Open Source at Bloomberg: Expanding Our Engagement with Solr

November 10, 2015

At Bloomberg “open source” is not just a buzzword or phrase – we are actively engaged with and contributing to the community every day.  One of our biggest community engagements is with Apache Solr. Recently Dennis Gove from our R&D team joined Bloomberg colleagues Christine Poerschke and Ramkumar Aiyengar in being named a Solr committer. To share more about our work with Solr, and what it means to be a Solr committer we recently sat down with Adam Wolf, one of the key leaders of our R&D team.


1. What is your current role at Bloomberg?
I am currently the head of the foundational applications engineering team. Our team of 500 fantastic engineers builds Bloomberg’s core cross-asset class applications and systems that help our clients communicate, collaborate and monitor the markets and the news.We also build Bloomberg’s mobile platform, its integration with Microsoft Office, and its search and data platforms.

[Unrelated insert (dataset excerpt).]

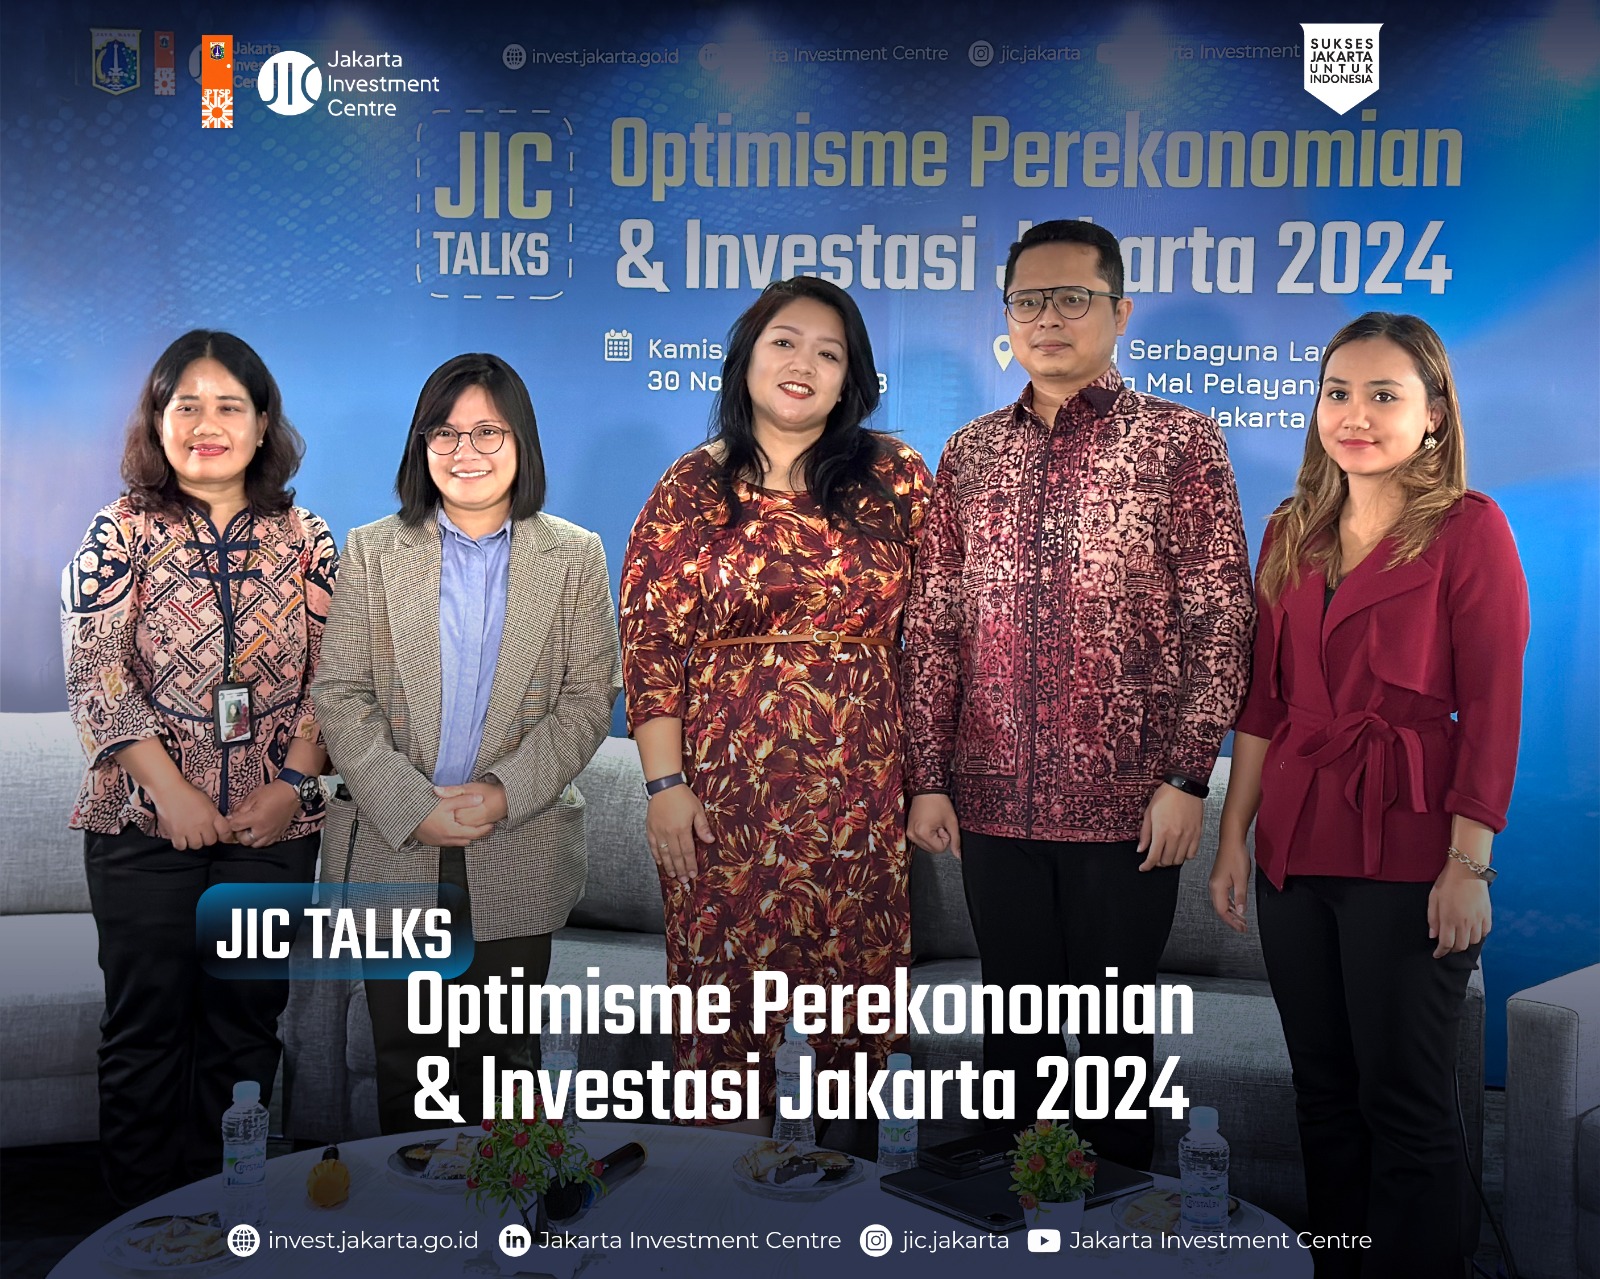 JIC Talks: Optimism for Jakarta's Economy and Investment in 2024

2. When did Bloomberg become involved in the Solr community?
We’ve actually been using the Lucene project for a number of years, but we started investing much more heavily in the middle of 2012.

3. How is Bloomberg using Solr?
With the vast amount of financial data and information available, enhanced search functionality is critical for our customers. We use Solr as the basis of a Search-as-a-Service platform we support internally, with over 100 applications hosted on it. We use it for more traditional text search applications such as news search, our communications archive (Bloomberg Vault), legal search and documentation search, but also for more structured search and analytics applications like bond or options searching.

4. What does it mean to be a Solr committer?
Bloomberg is heavily invested in and committed in Solr as a technology for search. We are using Solr in a variety of interesting ways, and we’re trying to make it better in the process. Our committers are making the improvements to Solr that provide features that we need, or fix bugs that we’ve encountered.  We’ve contributed to every release since 4.5, including a few larger modules for streaming and analytics. We believe contributing these back to the community makes the project stronger, and allows others to build on our work, ultimately creating a virtuous cycle. They are also good citizens of the community and pick up patches from others, and contribute changes that just improve the project as a whole. We’re very proud of the work done by our 3 committers, Ramkumar Aiyengar, Christine Poerschke, and Dennis Gove, as well as several other Bloomberg employees.

5. What can we expect to see re Solr use in the near future?
To get an edge in the financial world requires making sense of the massive amounts of data available. Solr, with its ability to search and aggregate both textual and numeric data at scale, is a key part of our strategy at helping our clients to find unique insights.

In terms of our investments in Solr, we’re working very closely with the community on Solr’s alerting capabilities, and we’re also investing in its analytic capabilities (and better integration of machine-learning based rankers. You’ll see our improvements in this space released to the Solr project very soon.